Development proposed for empty lot in Excelsior
El Tecolote (USA)
30 August 2012
SFMTA Director Ed Reiskin outside of the SFMTA Building on Van Ness Ave and Market St where he is making an announcement in support of transforming the Balboa Park Upper Yard from a parking lot to affordable housing for District 11 families, to a crowd of protesters, on July 26, 2012. Photo by Beth LaBerge.
Rooftop gardens, a quiet courtyard, a farmers’ market and, above all, apartments with a fixed and affordable rent—this vision might seem optimistic for San Francisco’s Excelsior neighborhood, where the average annual household income is only $25,490.
But faced with rising prices, this vision might soon become a reality for working-class residents in the largely immigrant neighborhood, who are working to create a community housing space in an area they claim is underutilized: the upper yard of the Balboa Park BART Station.
“We’ve been hearing testimonies left and right about multiple families living in the same small apartment, and about the necessity of working a double job just to pay rent,” said Carlo Sciammas of People Organizing to Demand Environmental and Economic Rights, one of several community organizations involved in planning. “The upper yard would be a great space to develop.”
The Balboa Park station is the most heavily trafficked station in the BART system, but the large asphalt lot alongside it—the size of a soccer field—stands nearly empty during the day.
Once a “bone yard” for light-rail storage, it is currently used only as unofficial employee parking, and many residents feel that it is an eyesore.
At a workshop last September, community members constructed possible development models out of Legos, and in February they sent hundreds of heart-shaped Valentines to Mayor Ed Lee asking him to “show love” for the project. Lee replied with a pledge of his support.
The hope is to create an affordable, community-focused space for a neighborhood that, according to an American Community Survey, has more people packed into each household than anywhere else in the city—three-fourths of whom speak a language other than English at home.
Young people love the diversity and vibrancy of the area, but worry that it’s too expensive for them to stay.
“Even though my family has four people working full time, it’s not enough to make ends meet because we have to pay for the car, insurance, groceries, utilities, health care, education, and sending money back home,” Lyra Ibarra, a 23-year-old nursing student living in the Excelsior, said in a recently released community report.

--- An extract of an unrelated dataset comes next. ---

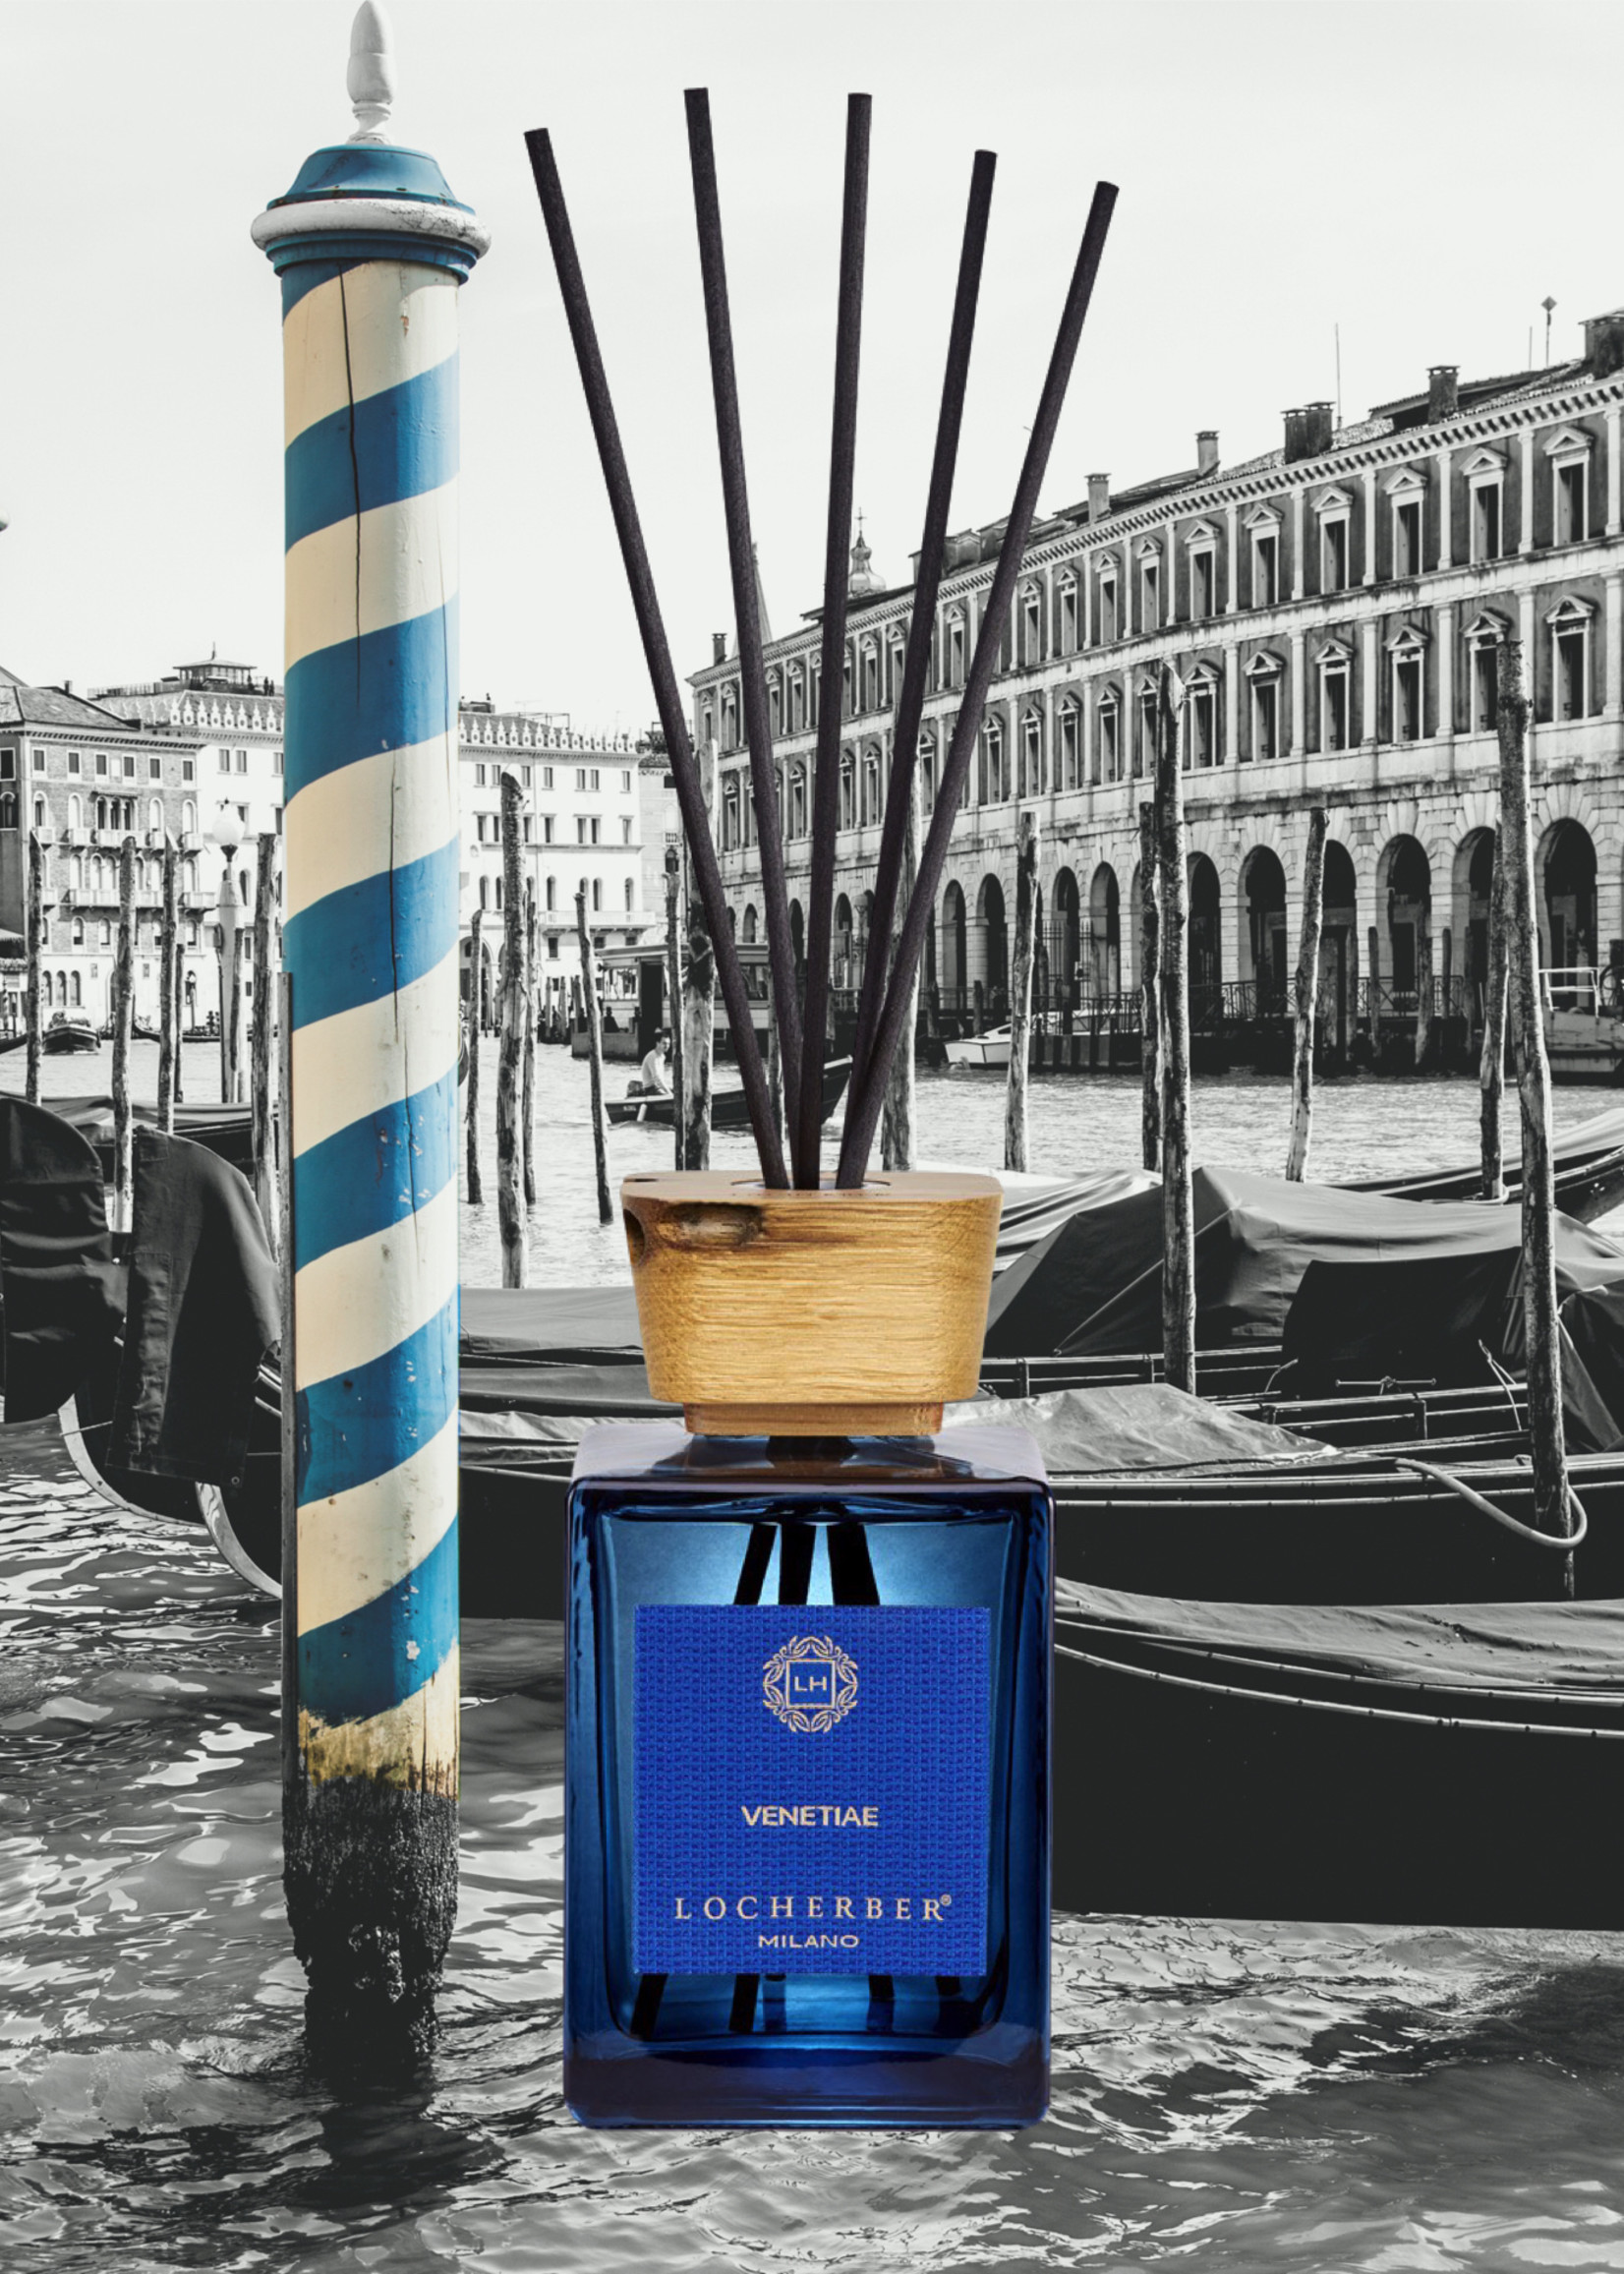 Locherber Locherber Milano - Venetiae - Set Cadeau Diffuseur
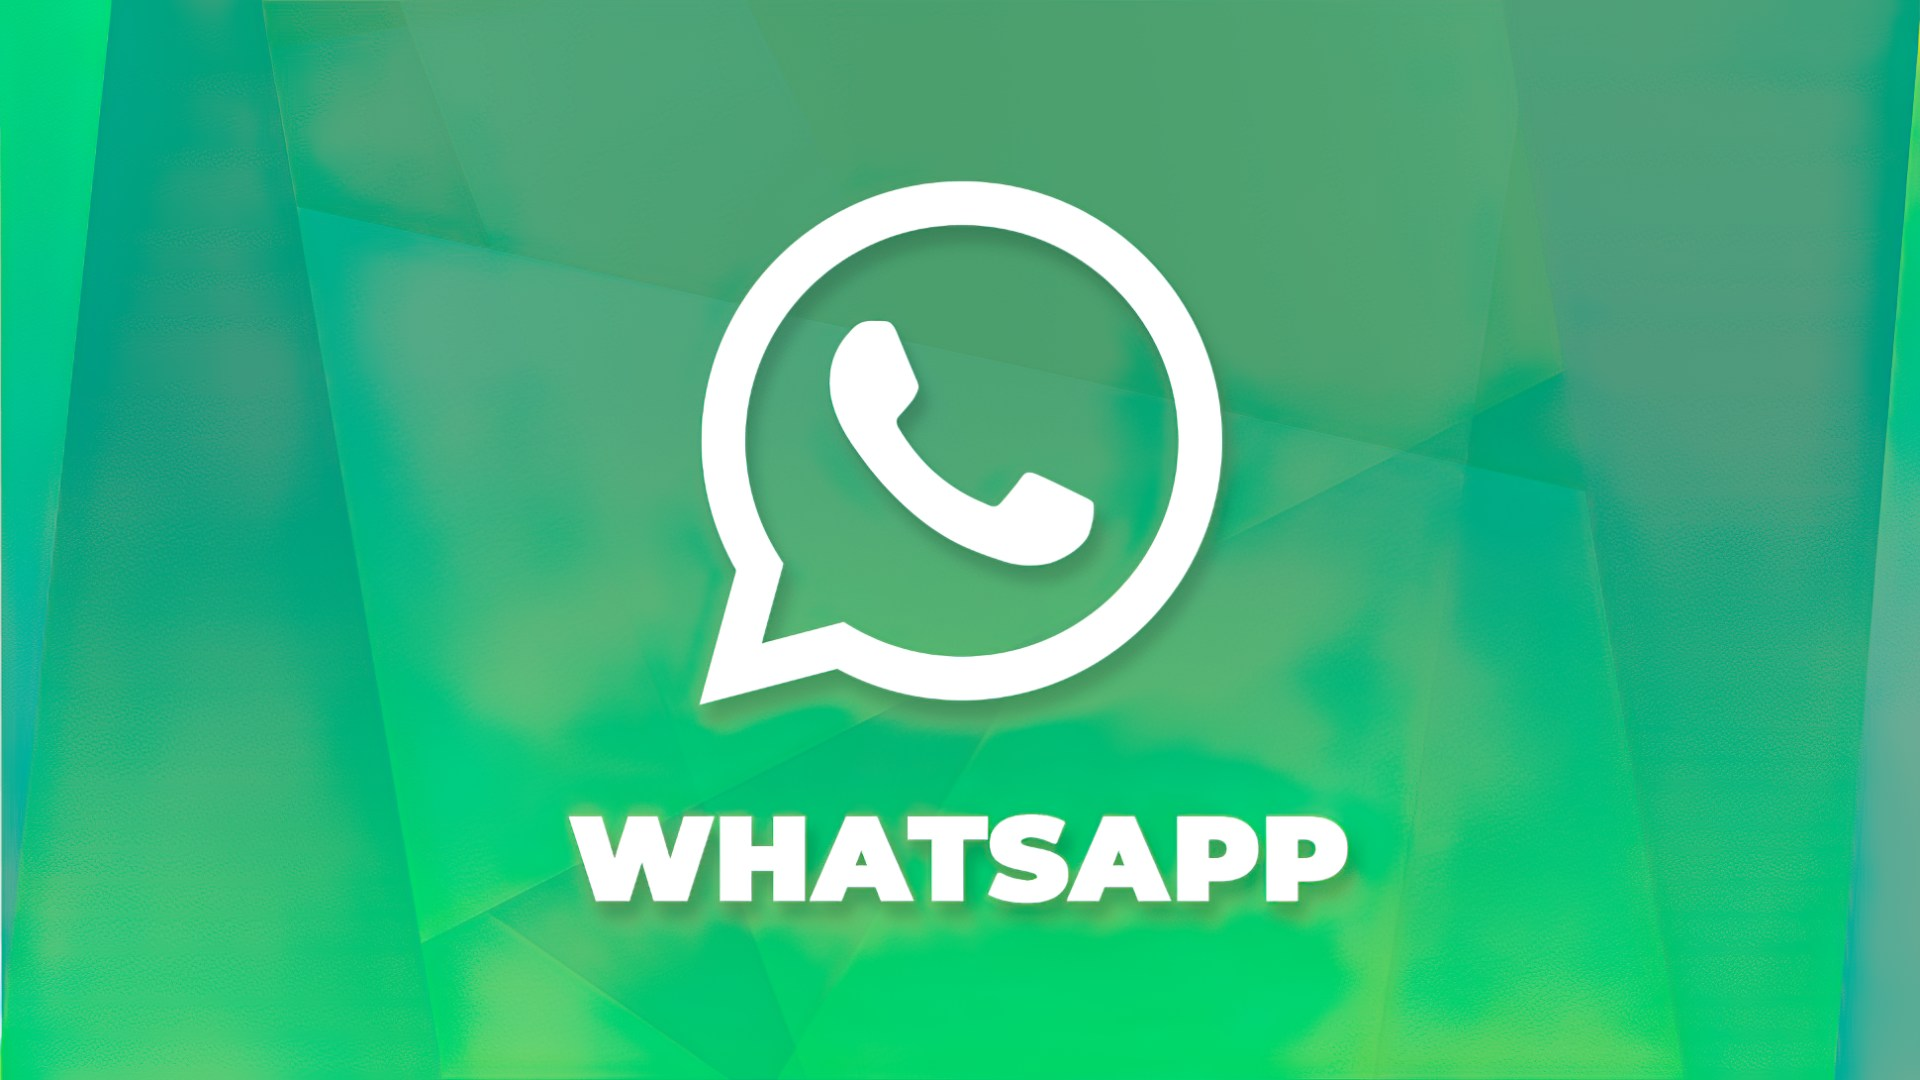 App, Social Network, Messenger, Chat, whatsapp, Instant Messaging, Social Media, Voip, Videotelefonie, 739699, Internettelefonie, WhatsApp Web

Along with PODER, the Filipino Community Center, Coleman Advocates for Children & Youth, and Asian Neighborhood Design are supporters of the project. Yet despite the community’s enthusiasm, challenges remain.
Some of these challenges are structural: Sandwiched between BART and Highway 280, pedestrian safety, noise levels, air quality and building vibrations will have to be taken into account.
Others challenges are bureaucratic: Funding for the project has not yet been found. Legal rights are also uncertain. From the start, BART has been excited about the project, said Sciammas, but the lot technically belongs to the San Francisco Municipal Transportation Agency, which is a different organization.
SFMTA says it has “preliminarily determined that it does not need the yard in the short term and can make it available for residential use,” according to Paul Rose a media relations manager. If given the full go-ahead, the Mayor’s Office of Housing can purchase the land, and development can begin.
In the meantime, Excelsior residents continue to show their support with the hope of speeding things along.